Selection-free genome editing of the sickle mutation in human adult hematopoietic stem/progenitor cells

Abstract

Genetic diseases of blood cells are prime candidates for treatment through ex vivo gene editing of CD34⁺ hematopoietic stem/progenitor cells (HSPCs), and a variety of technologies have been proposed to treat these disorders. Sickle cell disease (SCD) is a recessive genetic disorder caused by a single-nucleotide polymorphism in the β-globin gene (HBB). Sickle hemoglobin damages erythrocytes, causing vasoocclusion, severe pain, progressive organ damage, and premature death. We optimize design and delivery parameters of a ribonucleoprotein (RNP) complex comprising Cas9 protein and unmodified single guide RNA, together with a single-stranded DNA oligonucleotide donor (ssODN), to enable efficient replacement of the SCD mutation in human HSPCs. Corrected HSPCs from SCD patients produced less sickle hemoglobin RNA and protein and correspondingly increased wild-type hemoglobin when differentiated into erythroblasts. When engrafted into immunocompromised mice, ex vivo treated human HSPCs maintain SCD gene edits throughout 16 weeks at a level likely to have clinical benefit. These results demonstrate that an accessible approach combining Cas9 RNP with an ssODN can mediate efficient HSPC genome editing, enables investigator-led exploration of gene editing reagents in primary hematopoietic stem cells, and suggests a path toward the development of new gene editing treatments for SCD and other hematopoietic diseases.

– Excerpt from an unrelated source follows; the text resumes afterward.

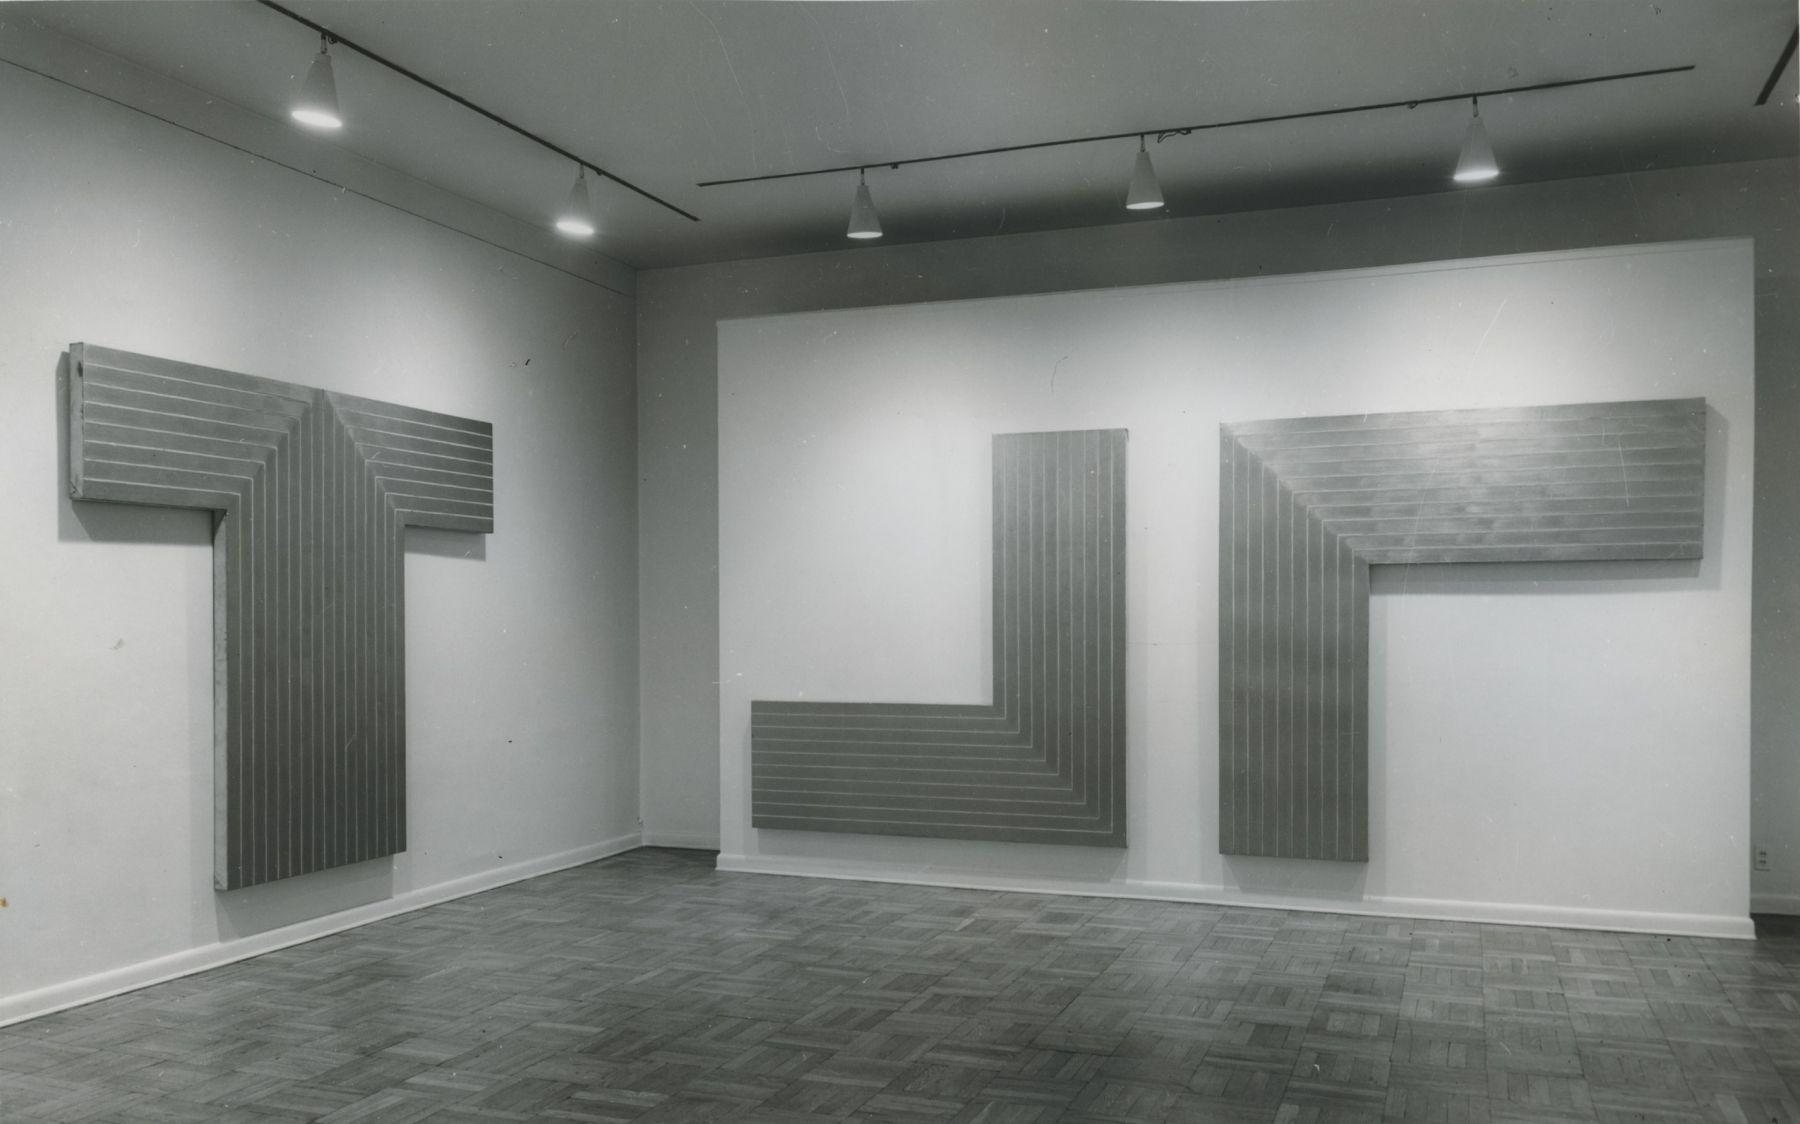 Installation view, Frank Stella, 4 EAST 77.

Figure 1. Editing the SCD SNP in K562 cells

A) Schematic depicting the experimental approach to editing in K562 cells. A panel of 10 sgRNAs that cut within 100 bp of the SCD SNP was selected. A WT-to-SCD edit was programmed by an ssDNA template (T1) bearing silent PAM mutations for the sgRNAs (except G7), which also introduces a SfcI restriction site. B) T7 endonuclease assay showing indel formation in pools of cells edited by candidate RNPs. C) HDR editing of candidate sgRNAs detected by SfcI digestion. G5, G10 and a truncated variant, trG10, efficiently yield HDR products in K562 cells. D) Gene modification of select sgRNAs and templates at the SCD SNP, assessed by NGS. See Fig. S1 for definitions of donors T1 and T2. (average of 3 biological replicates, error bars indicate standard deviation). E) Analysis of off-target cutting by the G10 RNP at sites predicted by the online CRISPR-Design tool (reference), in K562 cells, determined by NGS.

Figure 2. Editing of wild-type human CD34+ HSPCs by the Cas9 RNP

A) Analysis of editing in un-expanded HSPCs (left) and erythroid-expanded HSPCs (right), using trG10 RNP and conditions as indicated. Templates, which are asymmetric about the G10 cut site, were designed as described in the text. All samples are 3 biological replicates, error bars are ± standard deviation. B) Modification (HDR+Indel) at off-target sites in HSPCs edited with the trG10 RNP and template T88-107, compared to untreated cells. Samples for HBB, OT1, FSCN3, and MNT are from 3 biological replicates, with error bars ± standard deviation. Targets were selected using the online CRISPR-design tool (reference). C) Indel formation at on-and off-target sites by Cas9 mutants with increased specificity (HF1 and espCas9 1.1), compared to WT Cas9, all complexed to the G10 sgRNA and no ssODN. All samples are n=3 biological replicates, with error bars ± standard deviation.

Figure 3. Correction of the SCD mutation in SCD HSPCs

A) Editing the SCD mutation in un-expanded CD34+ HSPCs from the whole blood of SCD patients, assessed by NGS. B) HPLC trace depicting hemoglobin production in SCD HSPCs edited with 200 pmol of the trG10 RNP and the T111-27S donor, compared to untreated HSPCs, after differentiation into erythroblasts. Significant increases in HbA, HbF, and HbA2 are apparent. C) Stacked bars showing HPLC results, with HSPCs edited as indicated after differentiation into erythroblasts. D) Globin gene levels in SCD HSPCs edited as in Fig. 3C, determined by RNA-seq.

Figure 4. Engraftment of edited HSPCs into NSG mice

A) Engraftment of human CD45+ cells in NSG mice injected with edited HSPCs, compared to 2 un-injected mice. B) Analysis by NGS of editing at the SCD SNP in cells prior to engraftment. Error bars indicate mean ± standard deviation of three separate experiments with cells from two healthy donors. C) HDR-mediated editing (left) and indel formation (right) at the SCD SNP in human cells engrafted in mouse blood, spleen, and bone marrow (BM), at 5 and 16 weeks post-injection. Error bars indicate mean ± standard deviation over either 6 mice (spleen) or 7 mice (BM and blood).